INFORMATION PROVIDED
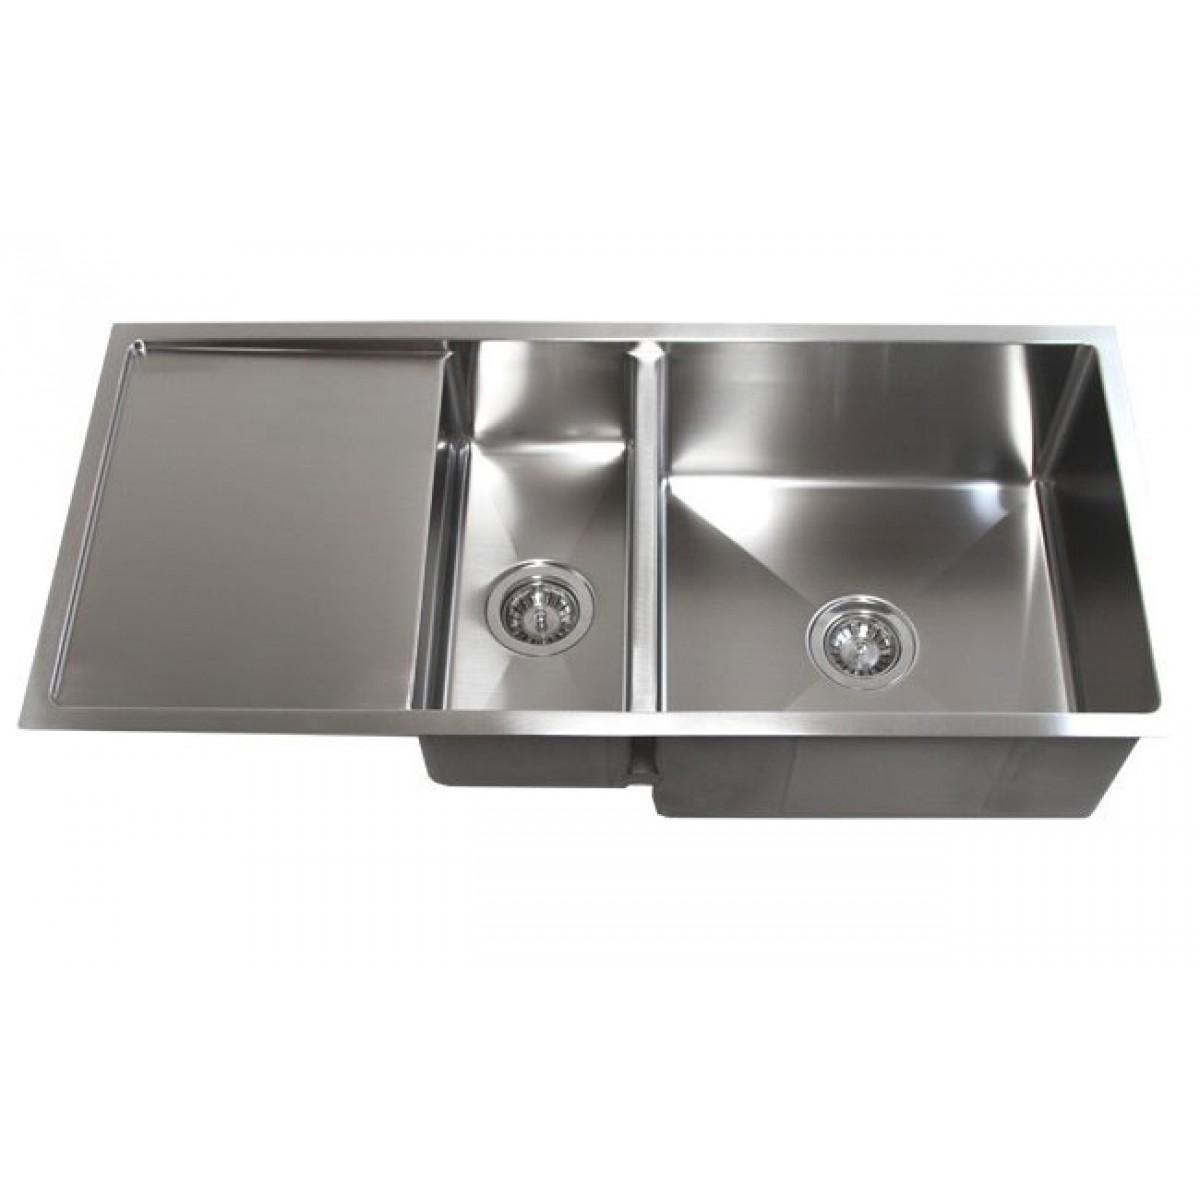 stainless steel kitchen sinks undermount pantry organization 42 inch double bowl
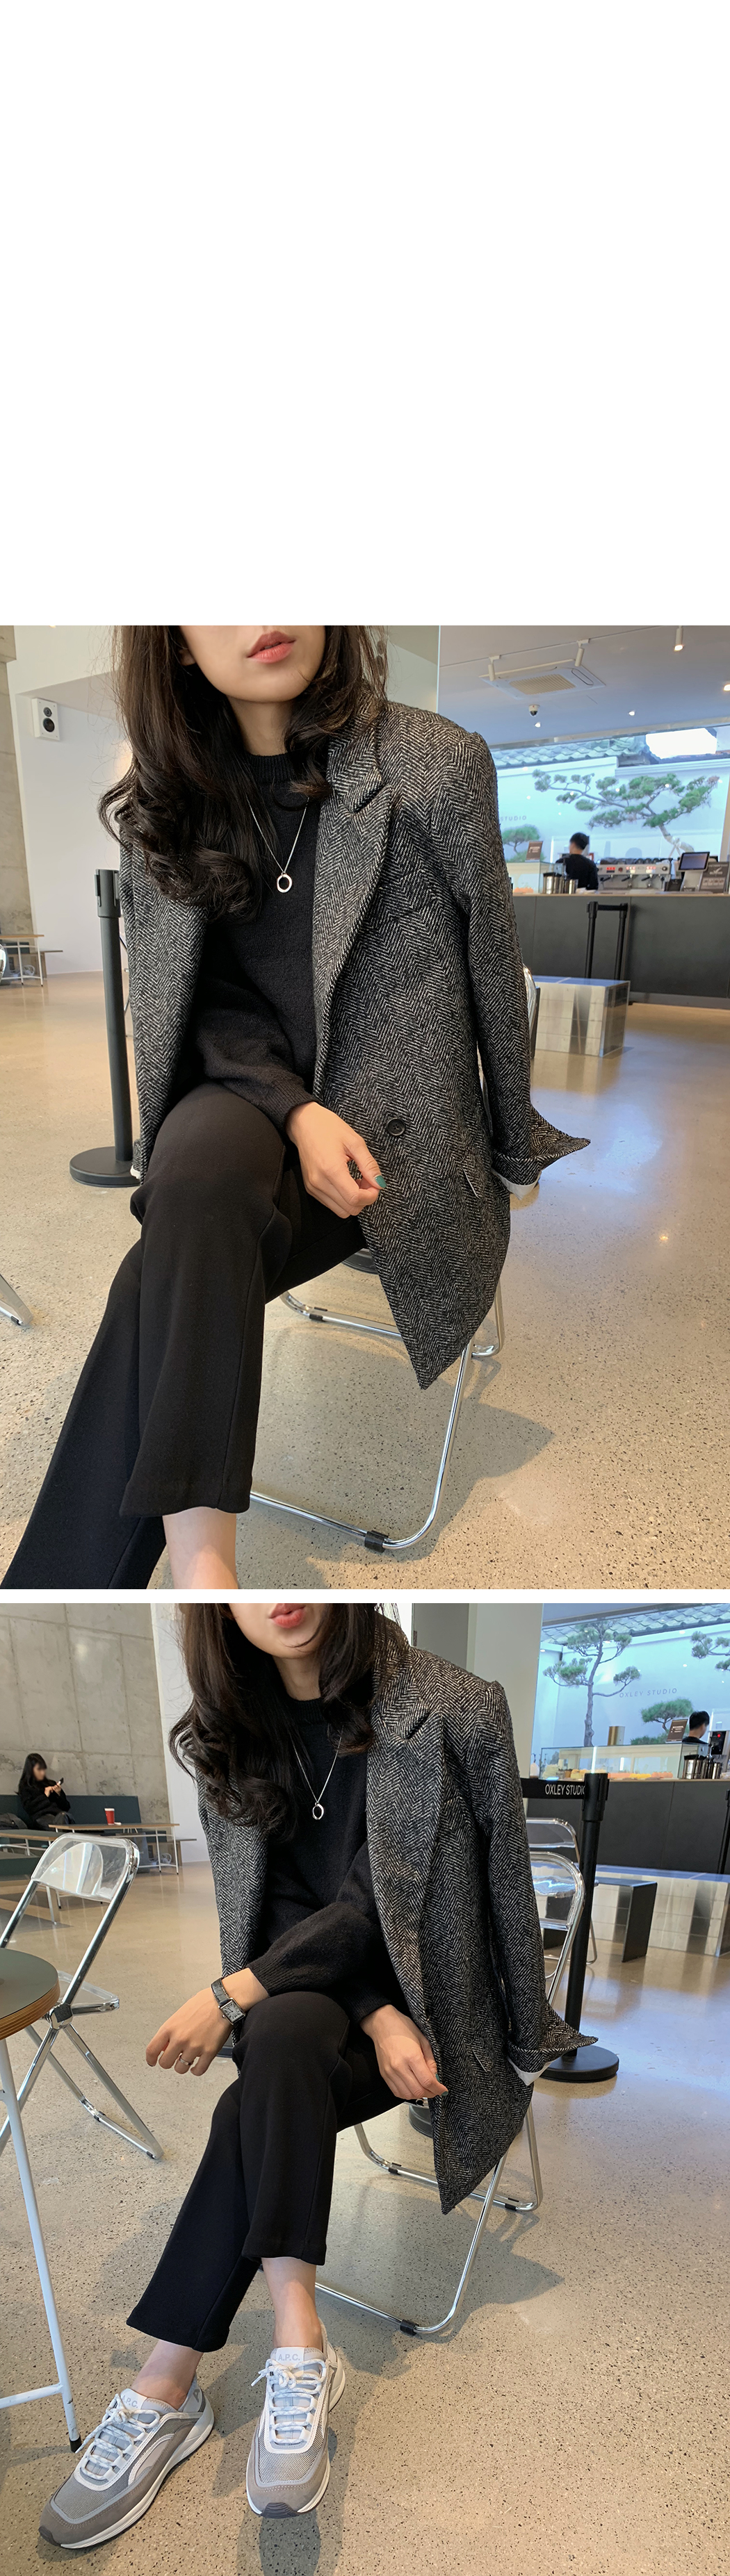 Fogney Standard Fit Knit
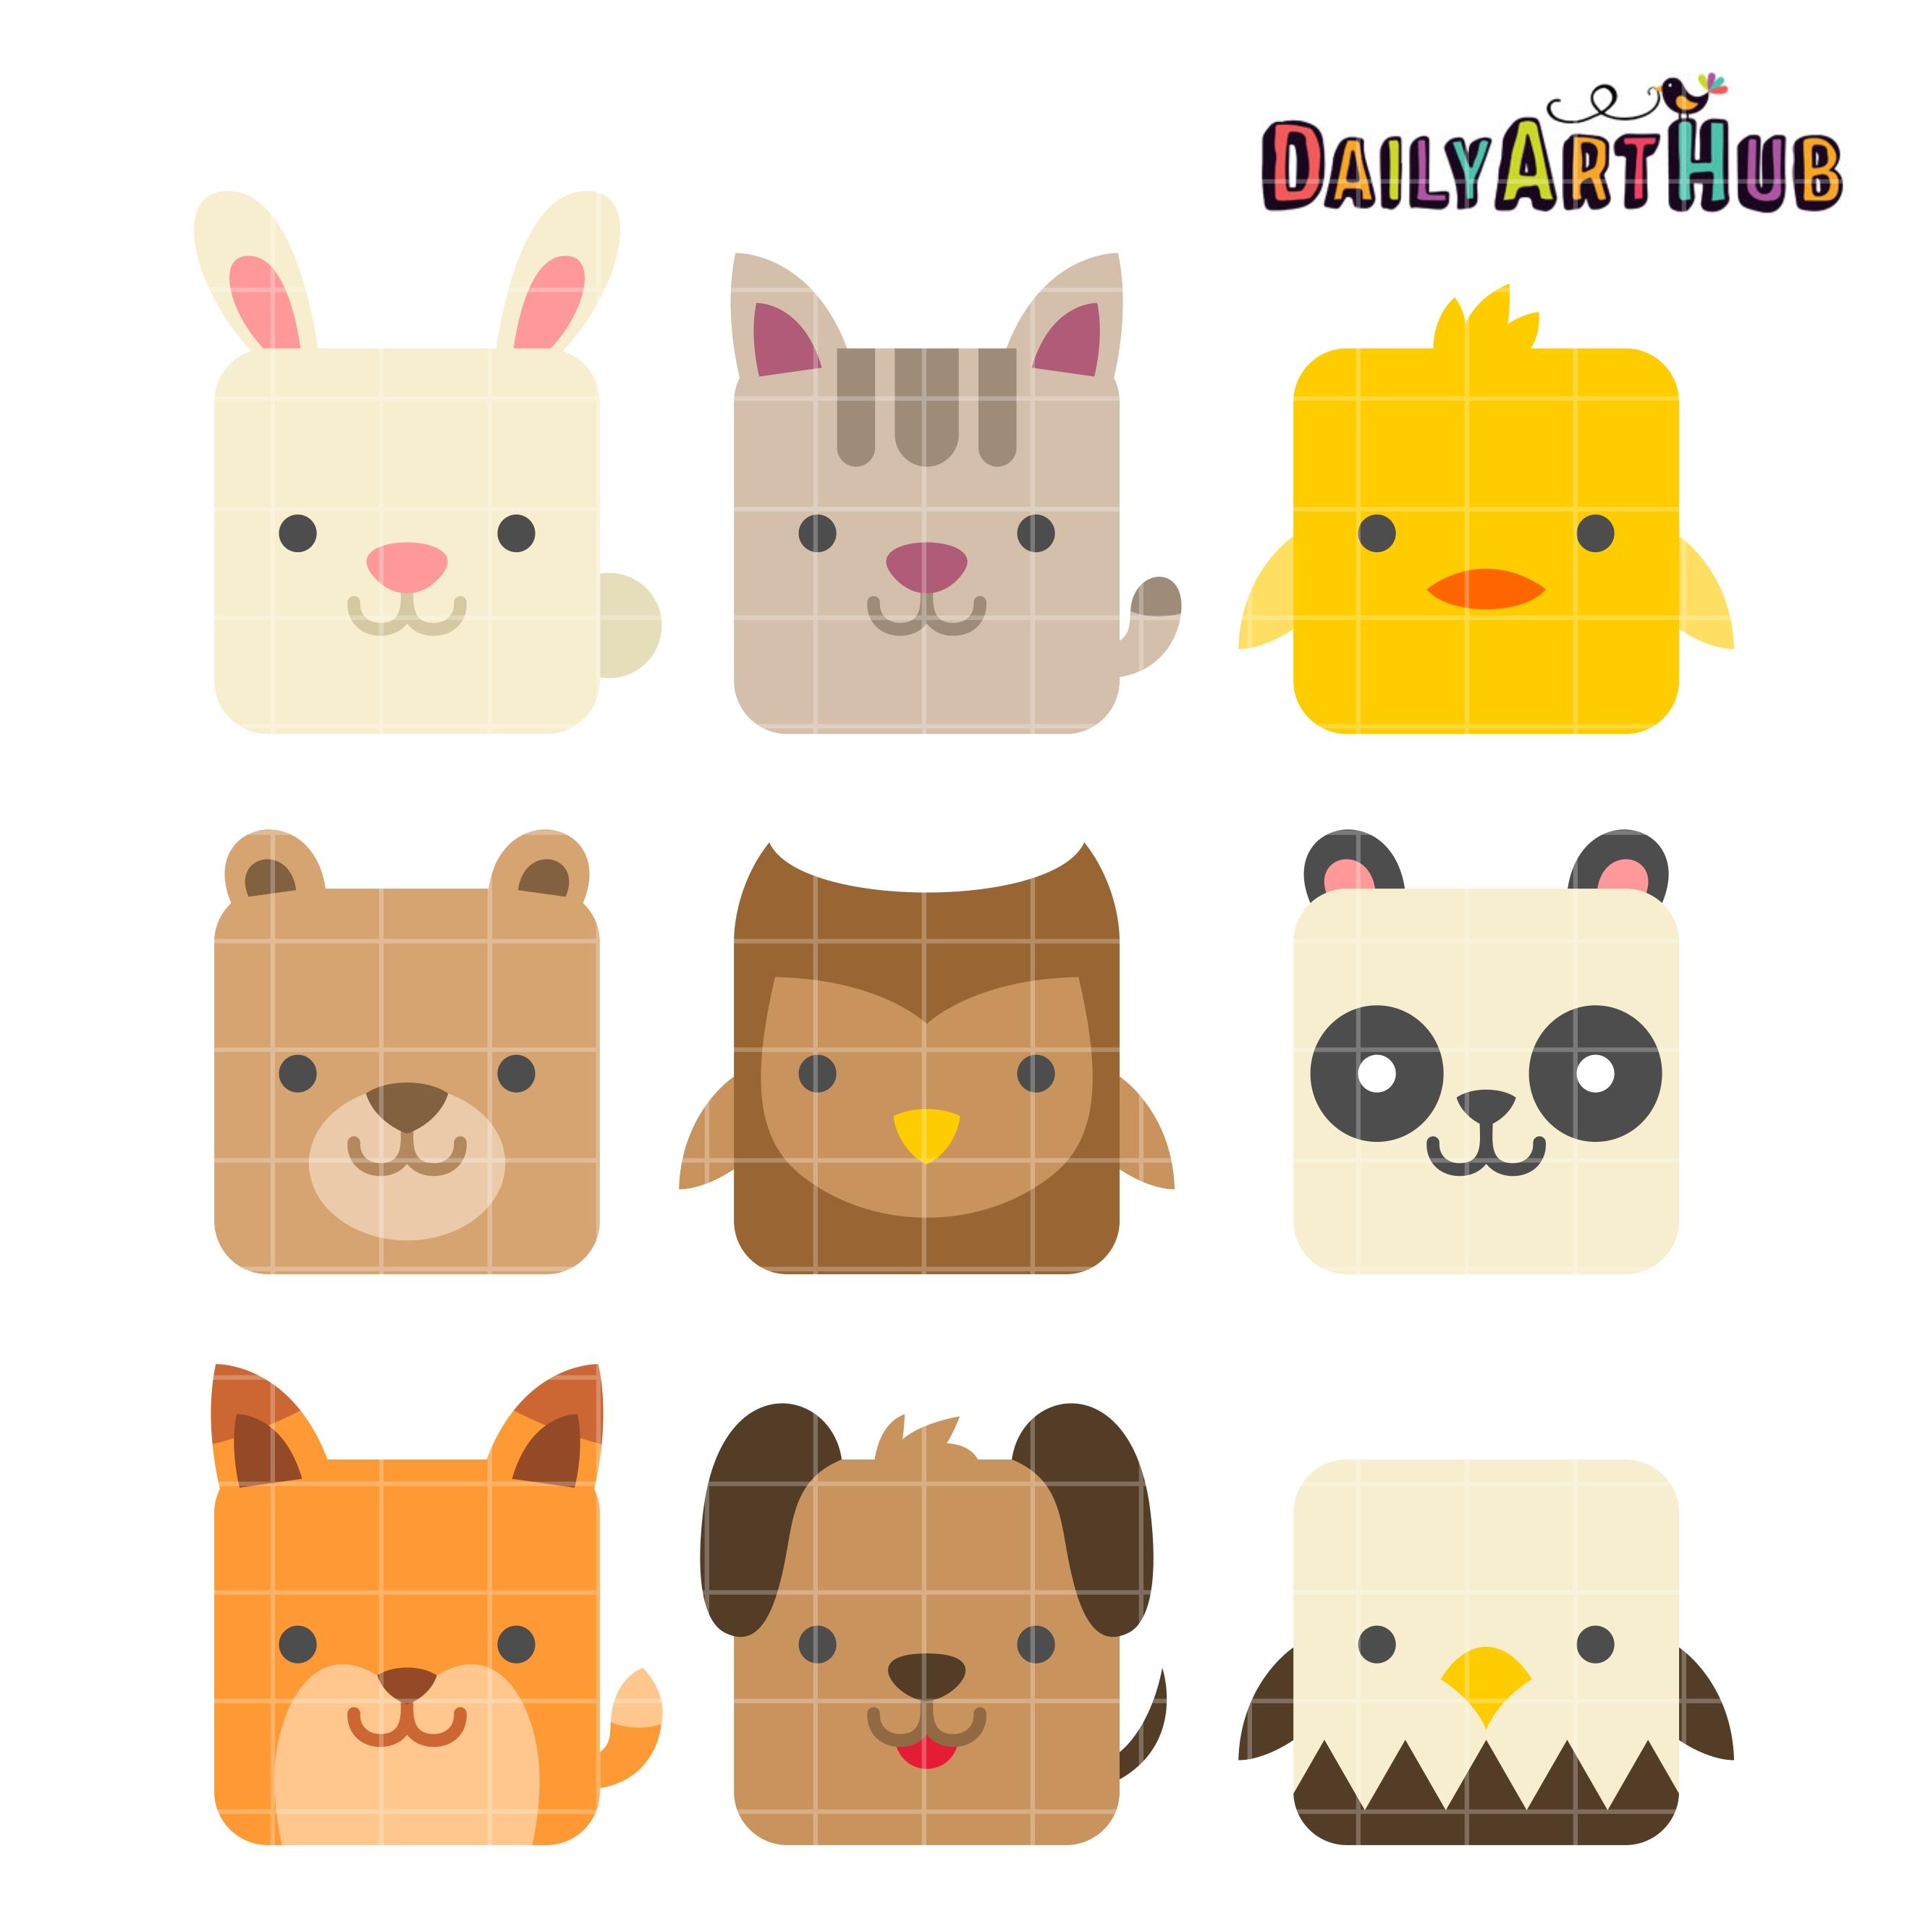 square cute animals clip art set daily art hub free clip art rh dailyarthub com cute animal clipart cute animals clipart
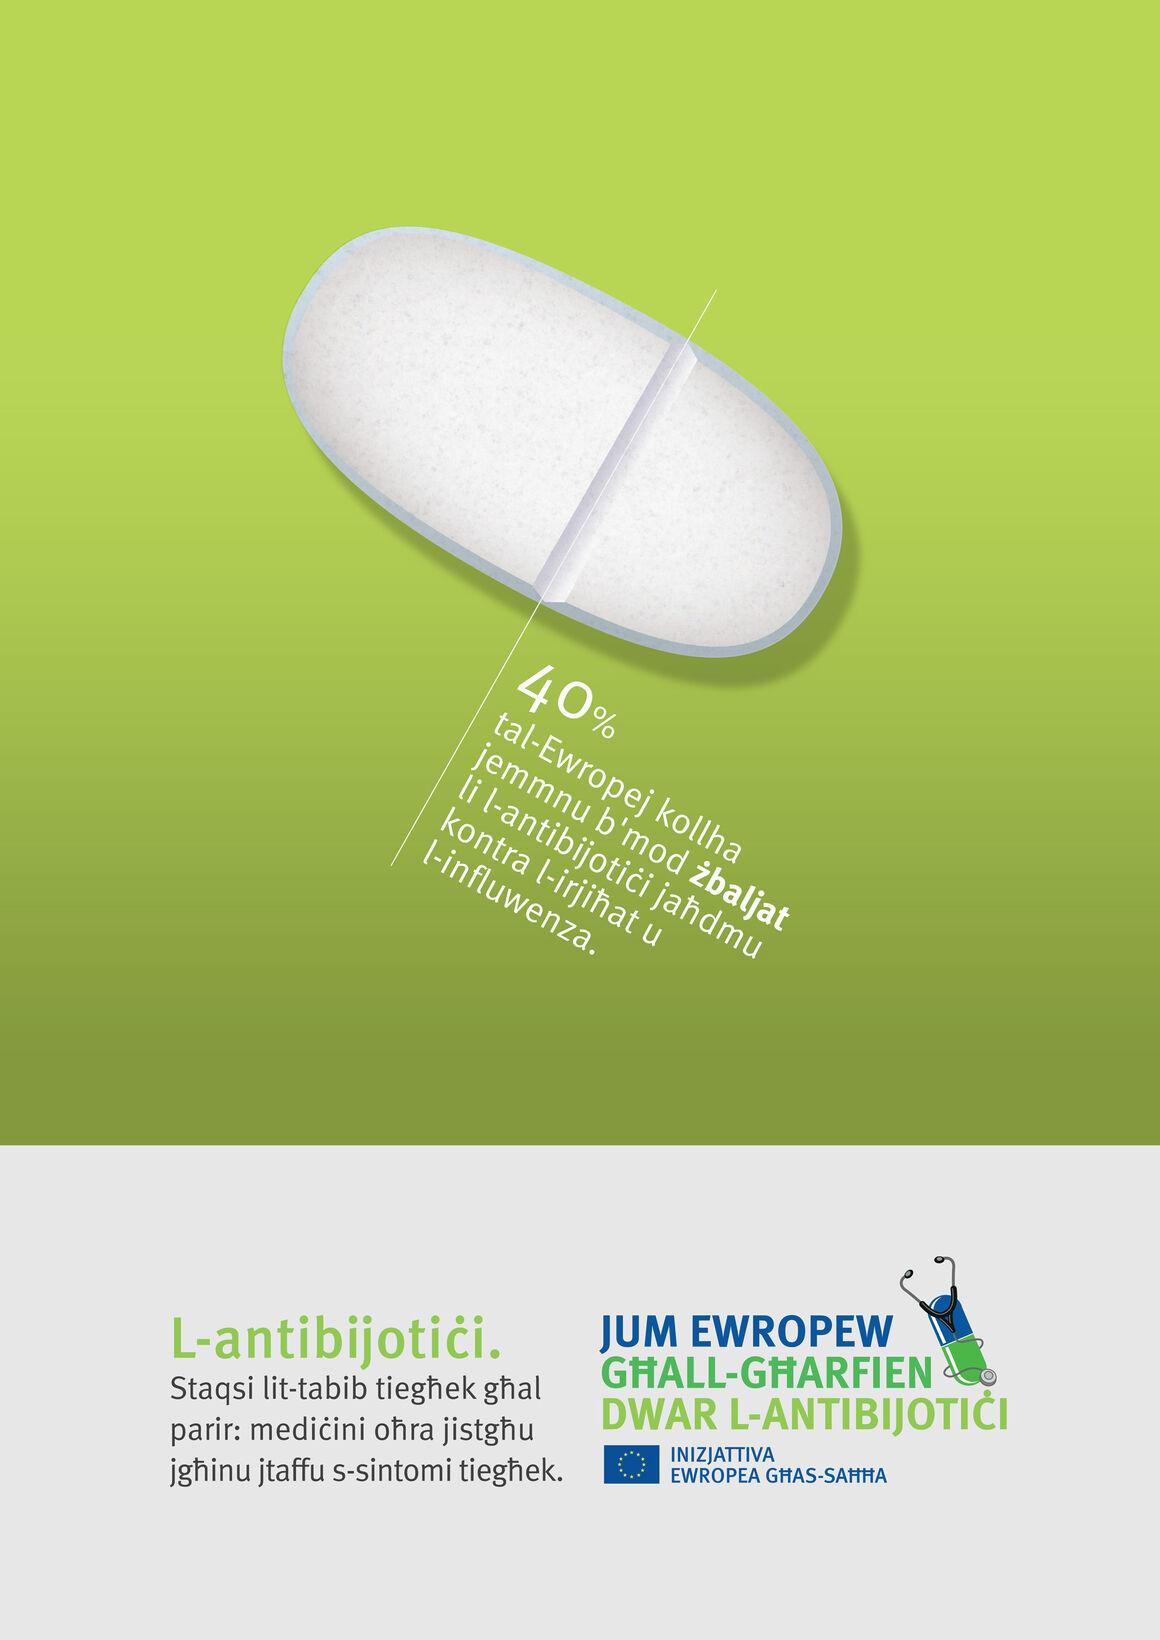 antibiotics-self-medication-pills-poster-general-public

YOUR GOAL
Every line from the one with "square cute animals" through the end of the material above should be restated word for word, with the pictures left out.

ANSWER
 square cute animals clip art set daily art hub free clip art rh dailyarthub com cute animal clipart cute animals clipart
 antibiotics-self-medication-pills-poster-general-public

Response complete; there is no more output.